Information provided:

⁂

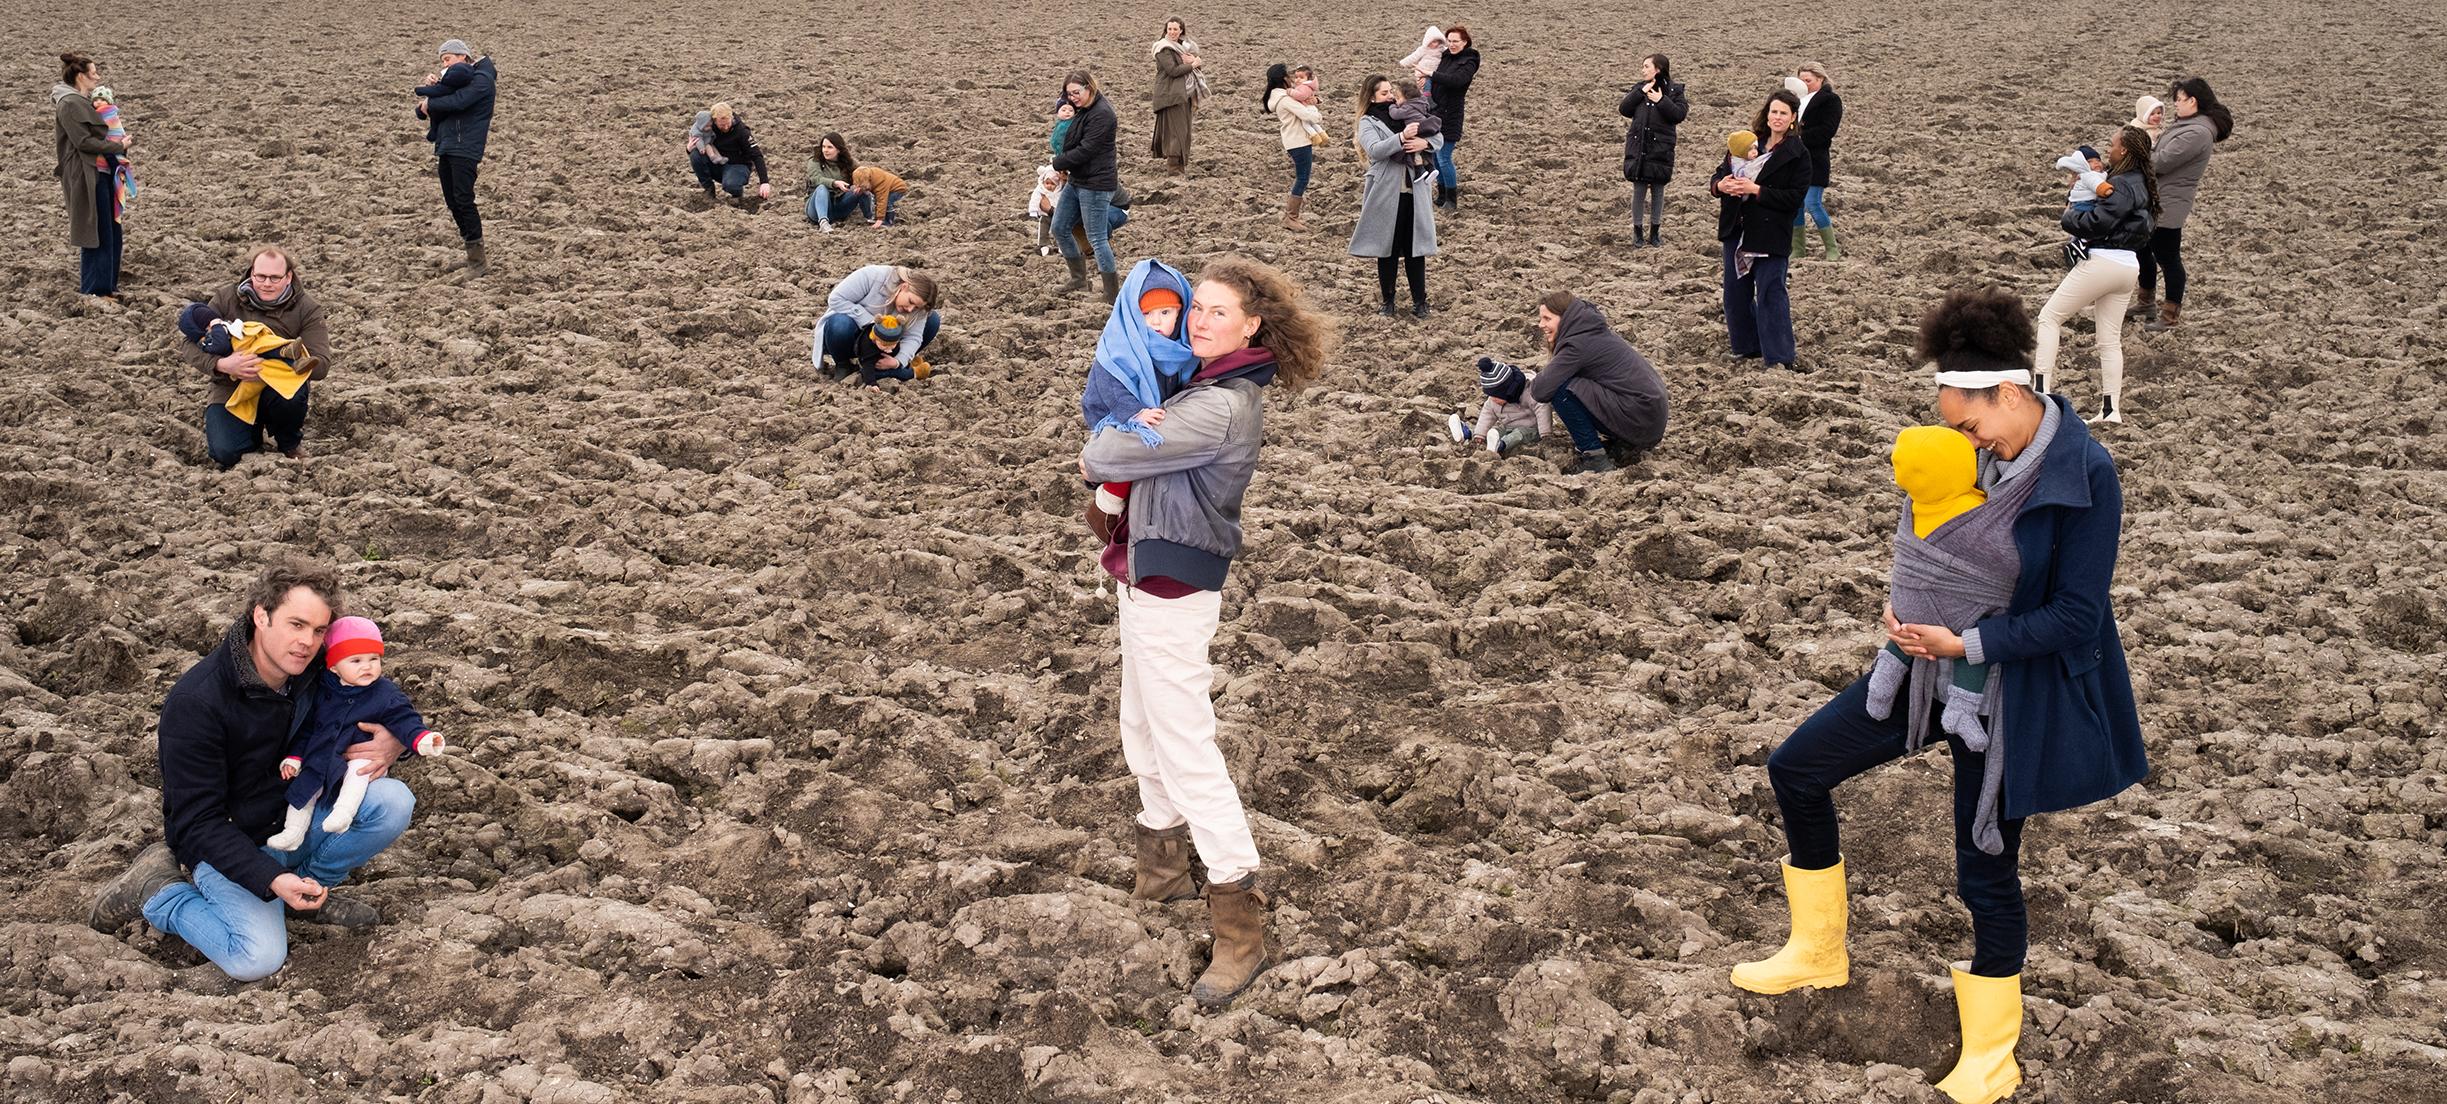 Tientallen organisaties (en baby's) pleiten voor een betere bodem
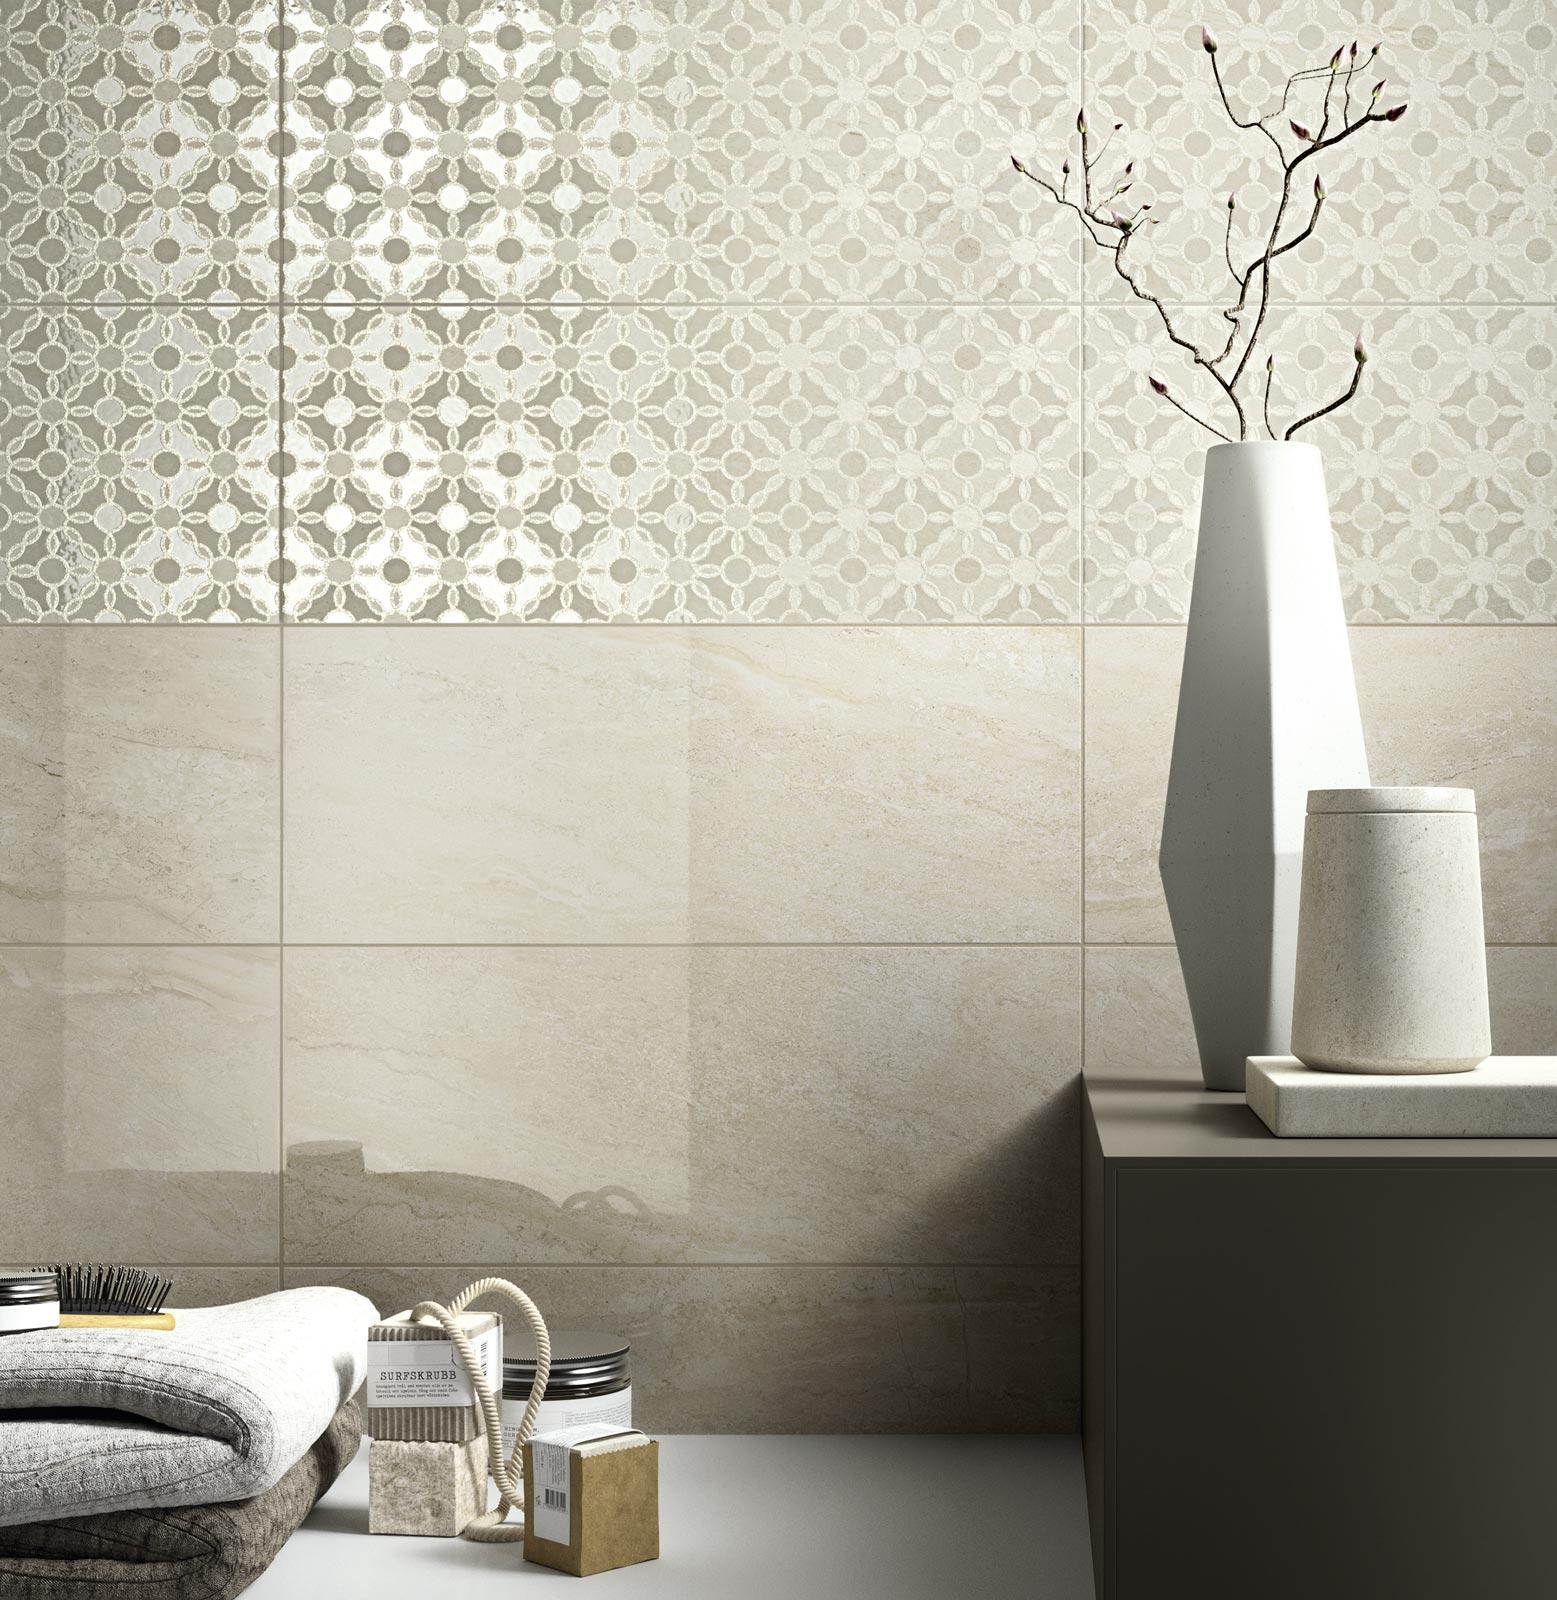 Collezione grace piastrelle in ceramica per il tuo bagno - Mattonelle bagno marazzi ...
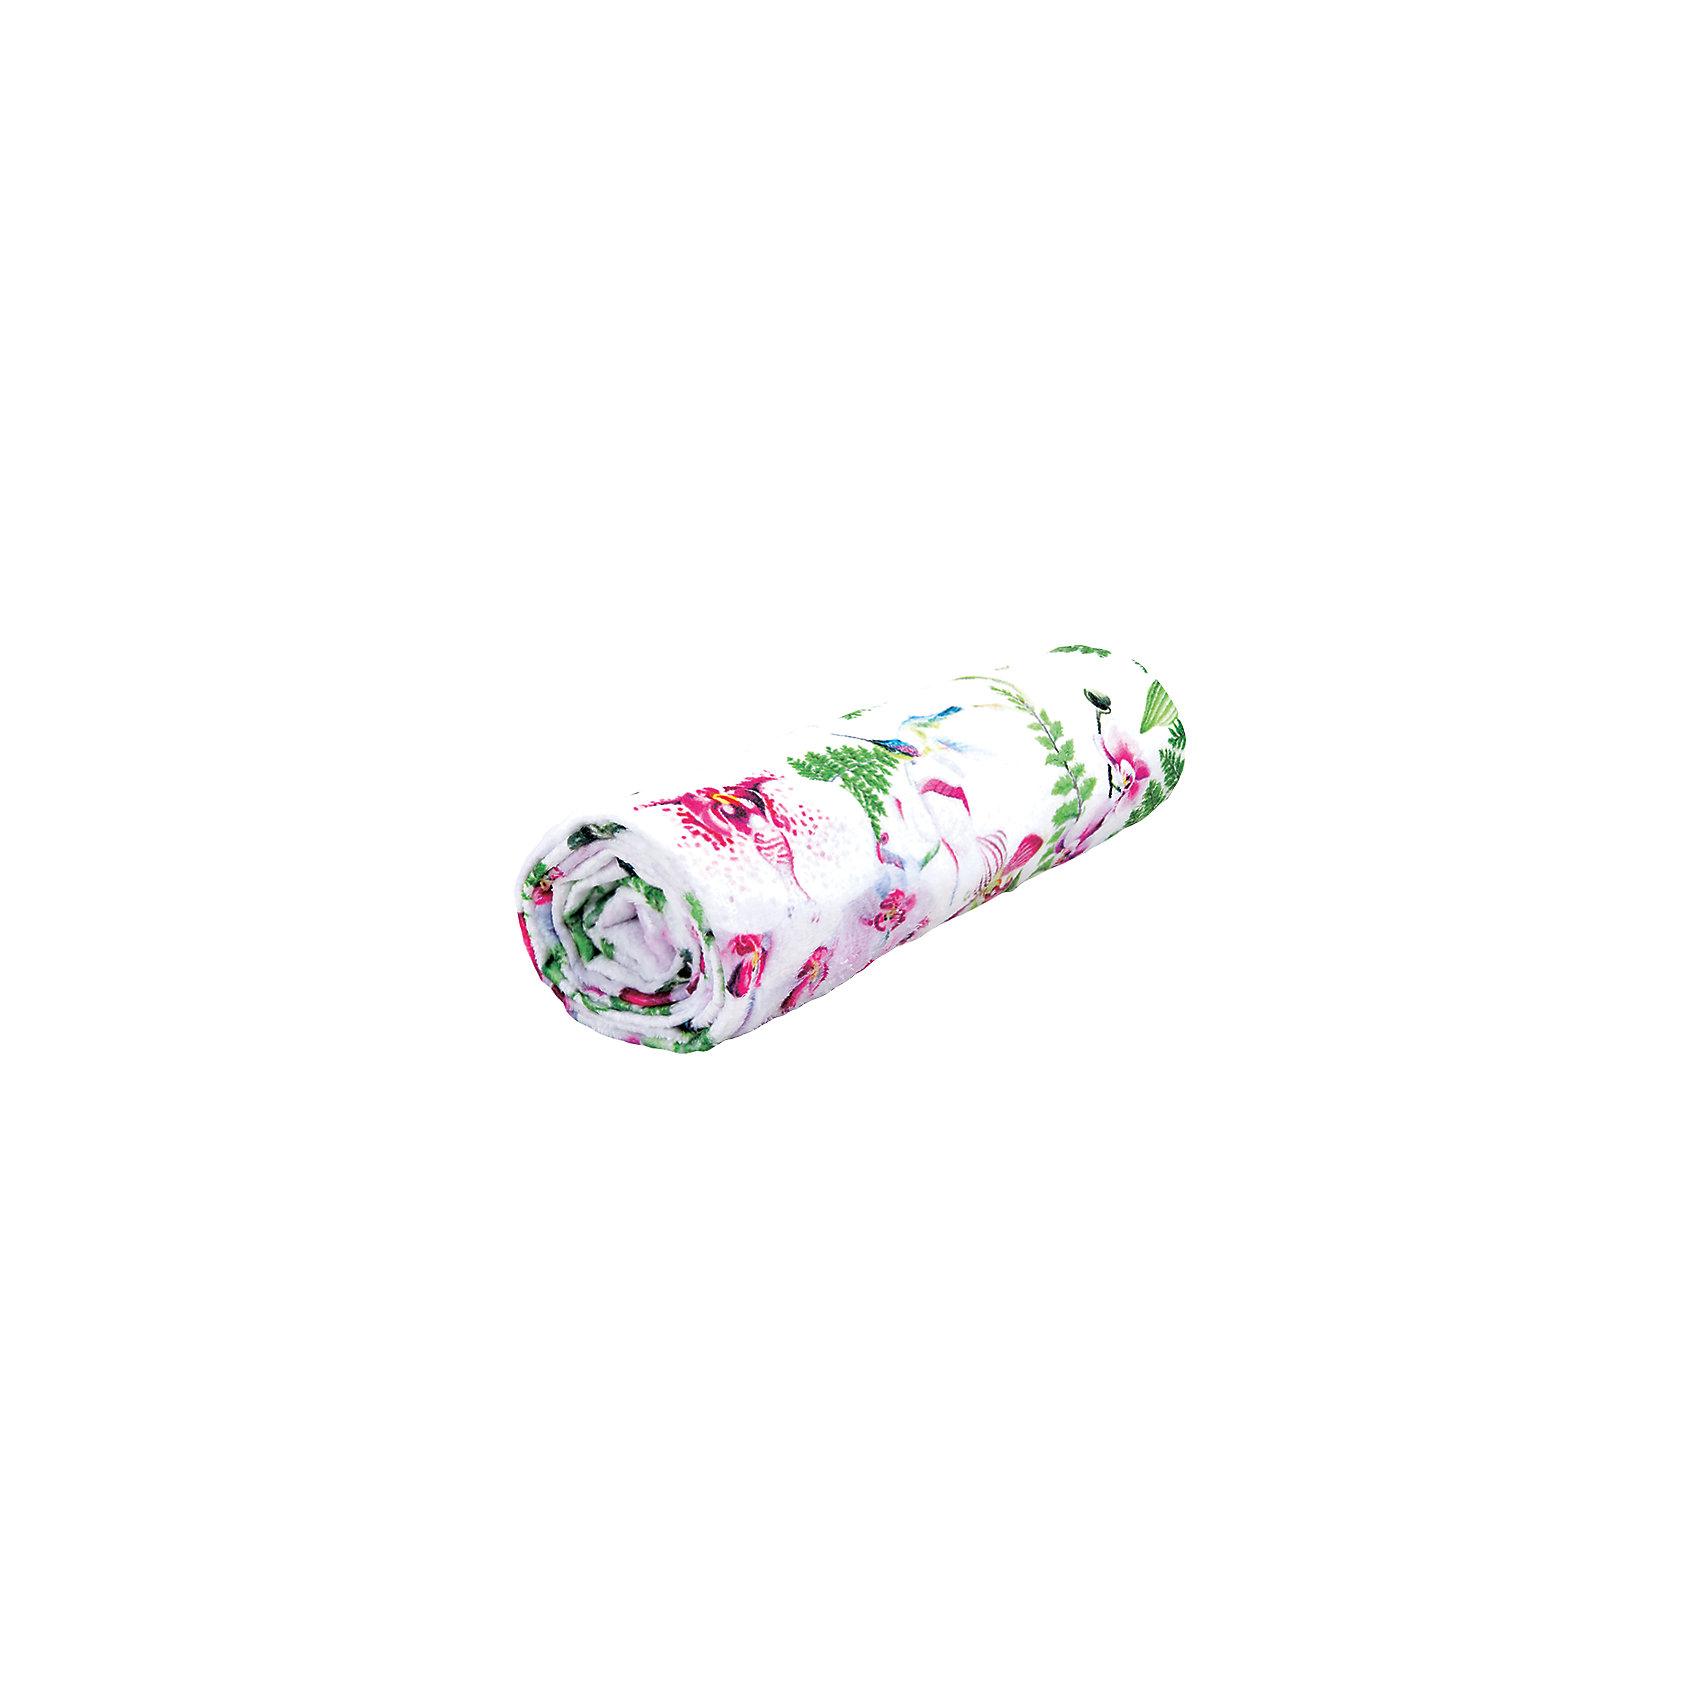 Полотенце «Orhid» 70*140 хлопок велюр, Mona LizaВанная комната<br>Характеристики:<br><br>• материал: махра<br>• состав: 70% хлопок, 30% велюр<br>• размер полотенца: 70х140 см<br>• размер упаковки: 37х1х25 см<br>• вес: 350 грамм<br><br>Полотенце Orhid изготовлено из мягкой ткани, приятной телу. К тому же, она быстро впитывает влагу, обеспечивая сухость и комфорт при использовании. Полотенце подойдет как для домашнего использования, так и для пляжа. Изделие декорировано ярким принтом с изображением цветков орхидеи и птичек колибри.<br><br>Полотенце «Orhid» 70*140 хлопок велюр, Mona Liza (Мона Лиза) вы можете купить в нашем интернет-магазине.<br><br>Ширина мм: 250<br>Глубина мм: 10<br>Высота мм: 370<br>Вес г: 350<br>Возраст от месяцев: 84<br>Возраст до месяцев: 600<br>Пол: Унисекс<br>Возраст: Детский<br>SKU: 6765282

⁂

Activity: When you copy the listing, keep every line exactly as it is but leave out all images.

Answer section:
 Tientallen organisaties (en baby's) pleiten voor een betere bodem
 Collezione grace piastrelle in ceramica per il tuo bagno - Mattonelle bagno marazzi ...
 Полотенце «Orhid» 70*140 хлопок велюр, Mona LizaВанная комната<br>Характеристики:<br><br>• материал: махра<br>• состав: 70% хлопок, 30% велюр<br>• размер полотенца: 70х140 см<br>• размер упаковки: 37х1х25 см<br>• вес: 350 грамм<br><br>Полотенце Orhid изготовлено из мягкой ткани, приятной телу. К тому же, она быстро впитывает влагу, обеспечивая сухость и комфорт при использовании. Полотенце подойдет как для домашнего использования, так и для пляжа. Изделие декорировано ярким принтом с изображением цветков орхидеи и птичек колибри.<br><br>Полотенце «Orhid» 70*140 хлопок велюр, Mona Liza (Мона Лиза) вы можете купить в нашем интернет-магазине.<br><br>Ширина мм: 250<br>Глубина мм: 10<br>Высота мм: 370<br>Вес г: 350<br>Возраст от месяцев: 84<br>Возраст до месяцев: 600<br>Пол: Унисекс<br>Возраст: Детский<br>SKU: 6765282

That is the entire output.